In other words, when the court decides that a government regulation lies beyond an explicit constitutional prohibition—for example, one found in the Bill of Rights—the court should presume it is constitutional and not subject to the strict scrutiny that regulations lying within some explicit prohibition deserve. For example, the court will simply assume members of Congress had a good reason to regulate some aspect of commerce unless it can be shown otherwise. When it comes to economic activity, there is to be no presumption of liberty as there is in other matters.
Hence the bifurcated system of freedoms—fundamental and economic—we labor under today.
Advocates of freedom know this doctrine is based on an error and invoke the indivisibility of freedom in response. But too often they undercut their own case by talking about . . . economic freedom.
I realize this phrase may be meant only to emphasize the depreciated aspect of freedom, but as free-market advocates know, intentions don’t nullify effects. Whenever one says “economic freedom,” one implies that other kinds of freedom exist. That of course does not imply that some freedoms are more equal than others, but it certainly opens the possibility. That can’t happen if we insist that freedom is indivisible.
The case for the indivisibility of freedom is not hard to make when one remembers that there are no economic ends. There are only ends—namely, the values we pursue in the course of our lives. Thomas Sowell writes in Basic Economics, “One of the last refuges of someone whose pet project or theory has been exposed as economic nonsense is to say: ‘Economics is all very well, but there are also non-economic values to consider.’ Presumably, these are supposed to be higher and nobler concerns that soar above the level of crass materialism.
“Of course there are non-economic values. In fact, there are only non-economic values. Economics is not a value in and of itself. It is only a way of weighing one value against another.”
If there are no economic ends, then there is no economic freedom. There is only freedom. Full stop.

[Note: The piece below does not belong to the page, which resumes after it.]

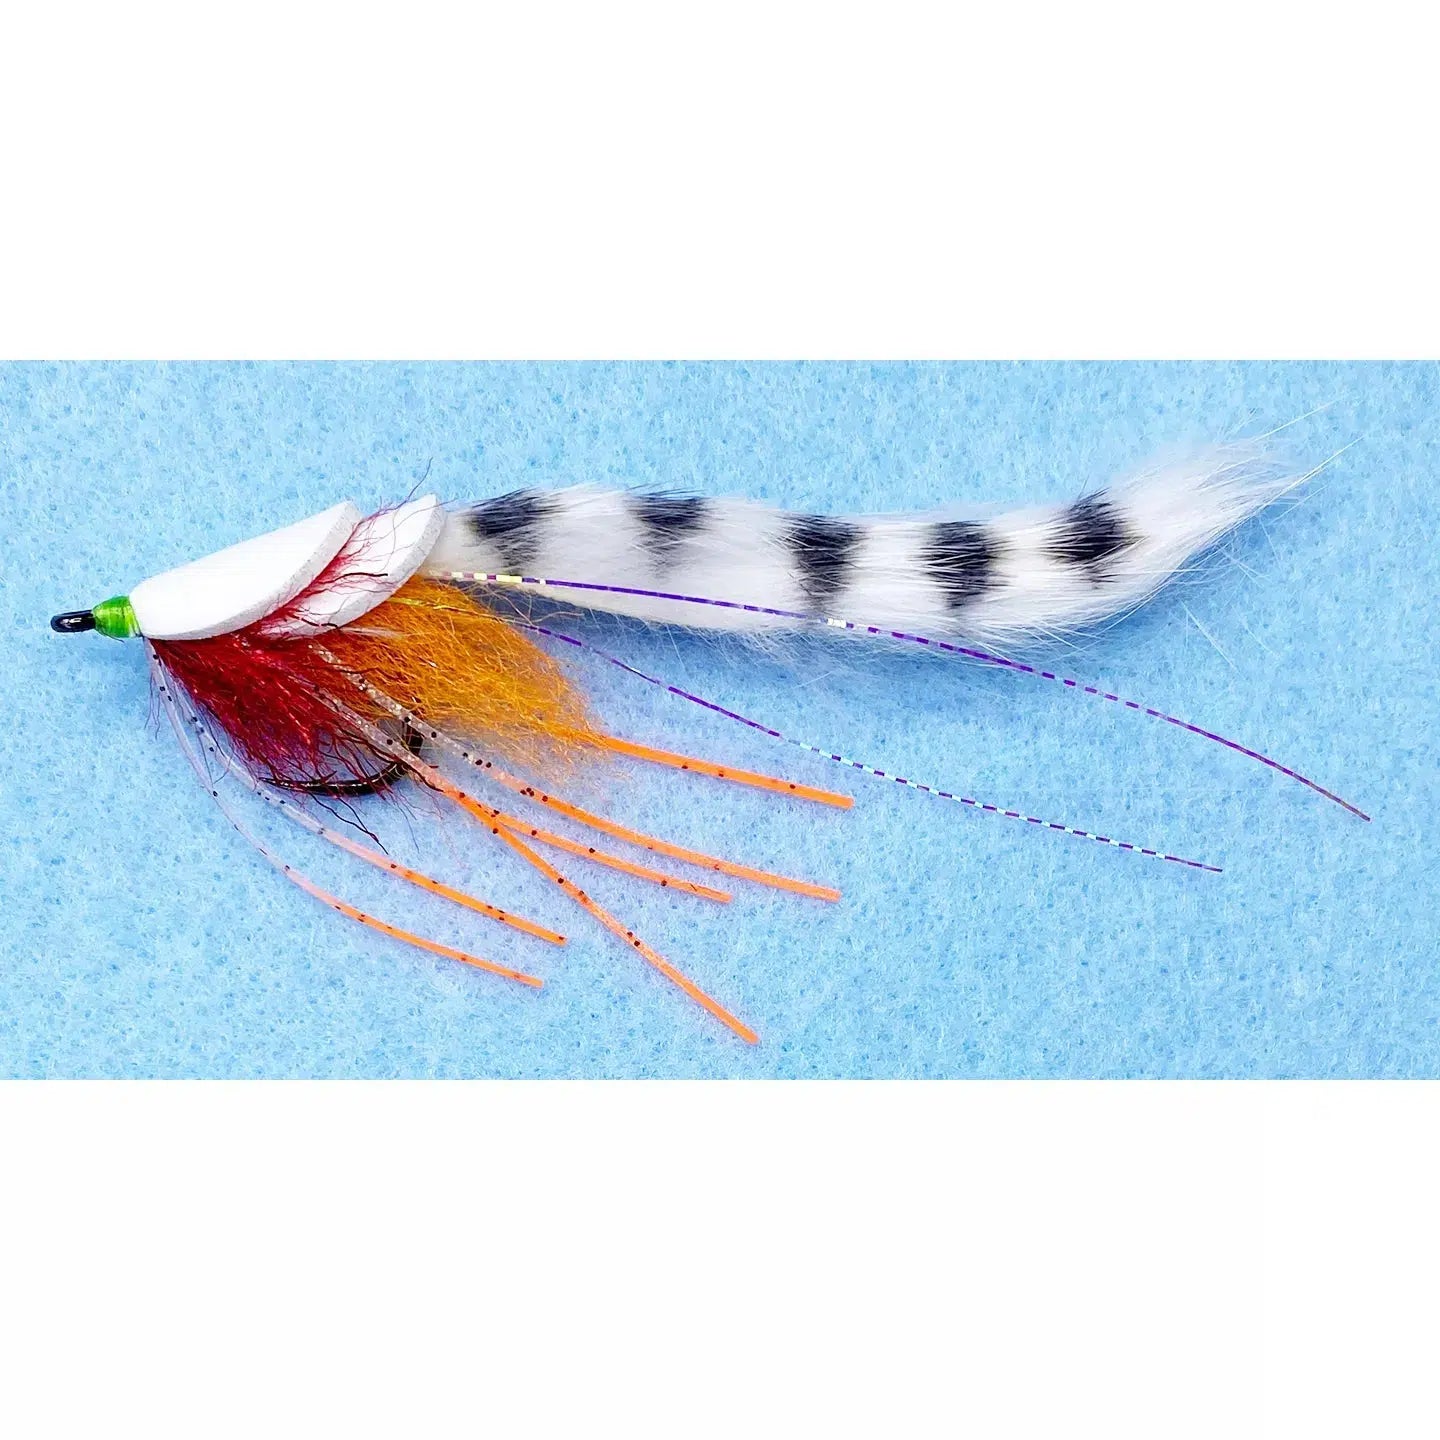 Enrico Puglisi Diver Fly-Lure - Fly-Enrico Puglisi-White Devil-Size 2/0-Fishing Station
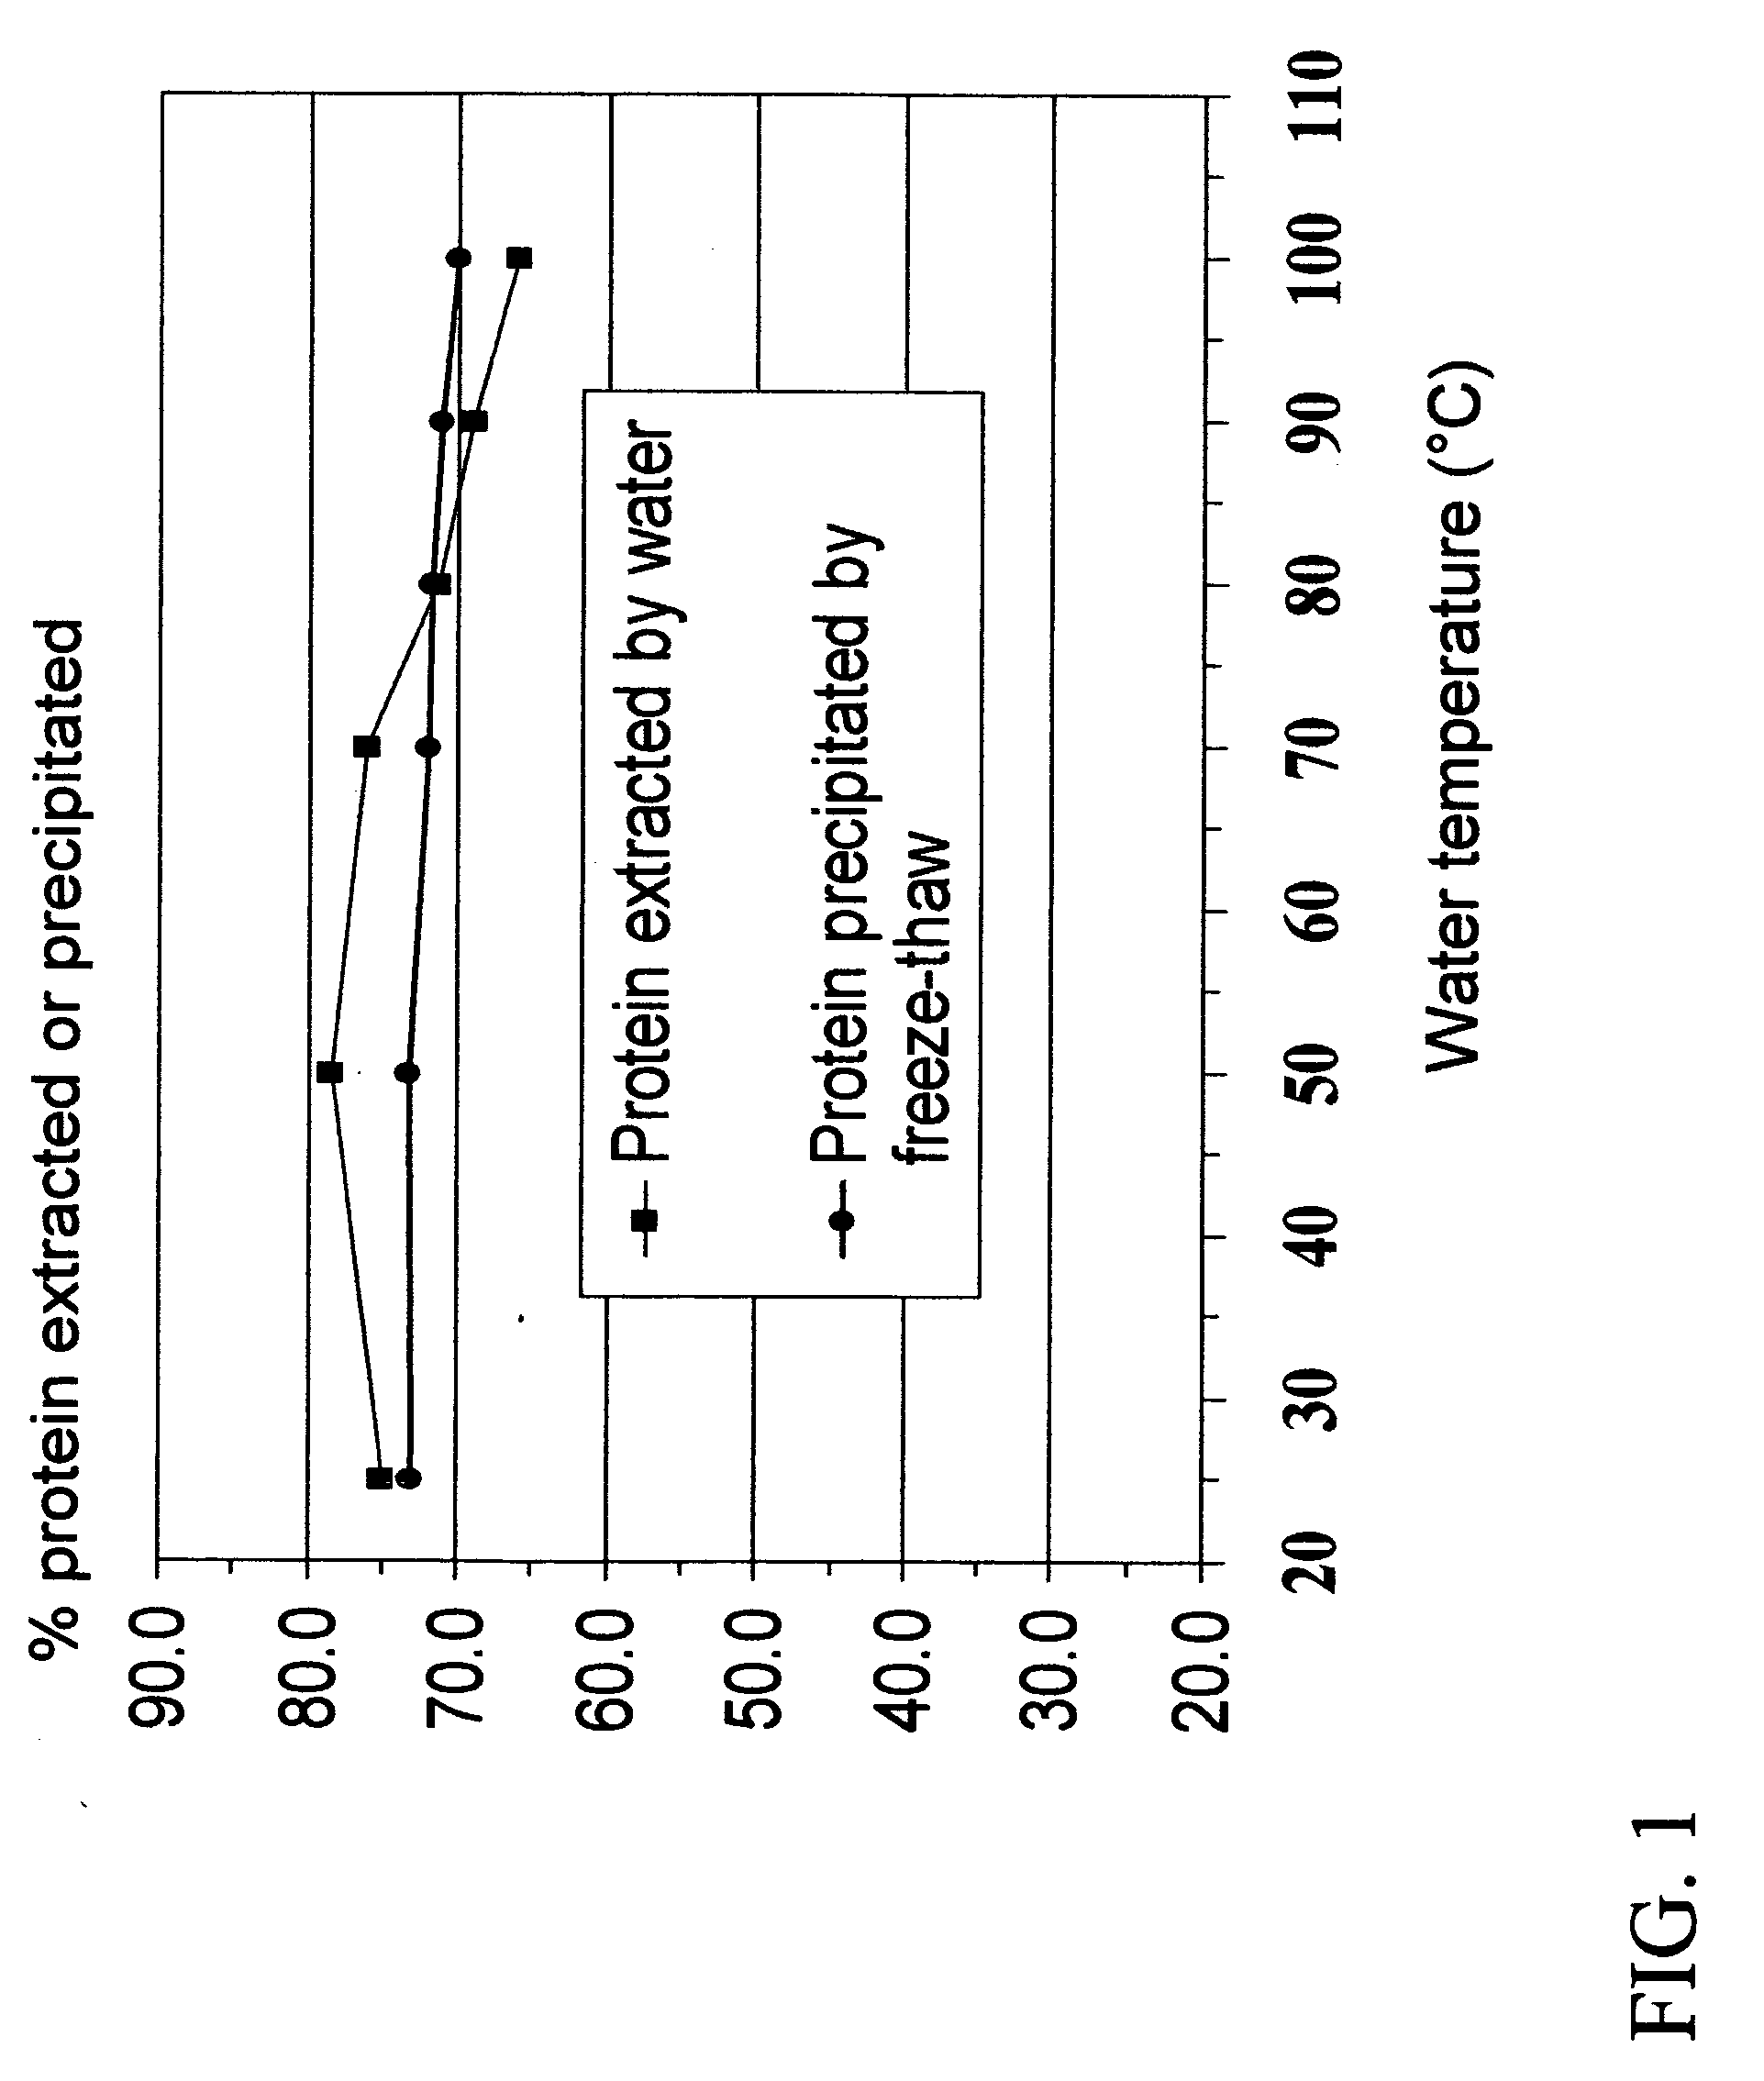 Methods of extracting, concentrating and fractionating proteins and other chemical components

People act to achieve objectives they believe will help them to flourish (however they may conceive that). Sometimes they pursue material values; other times they pursue nonmaterial, or spiritual, values. But the material values serve the same purpose as the nonmaterial ones. They are not pursued for economic purposes.
This fits the Austrian insight—developed also by the British economist Philip Wicksteed—that the classical economists erred in thinking their discipline applies only to the self-interested pursuit of material wealth. Economics (or praxeology, to use Ludwig von Mises’s term for the broader discipline) analyzes purposeful action in itself. It doesn’t matter what the purpose is; the principles of action are universal.
Living a human life consists in the pursuit of a variety of values, some material, some not. Thus dividing freedom into spheres is both arbitrary and ultimately pernicious.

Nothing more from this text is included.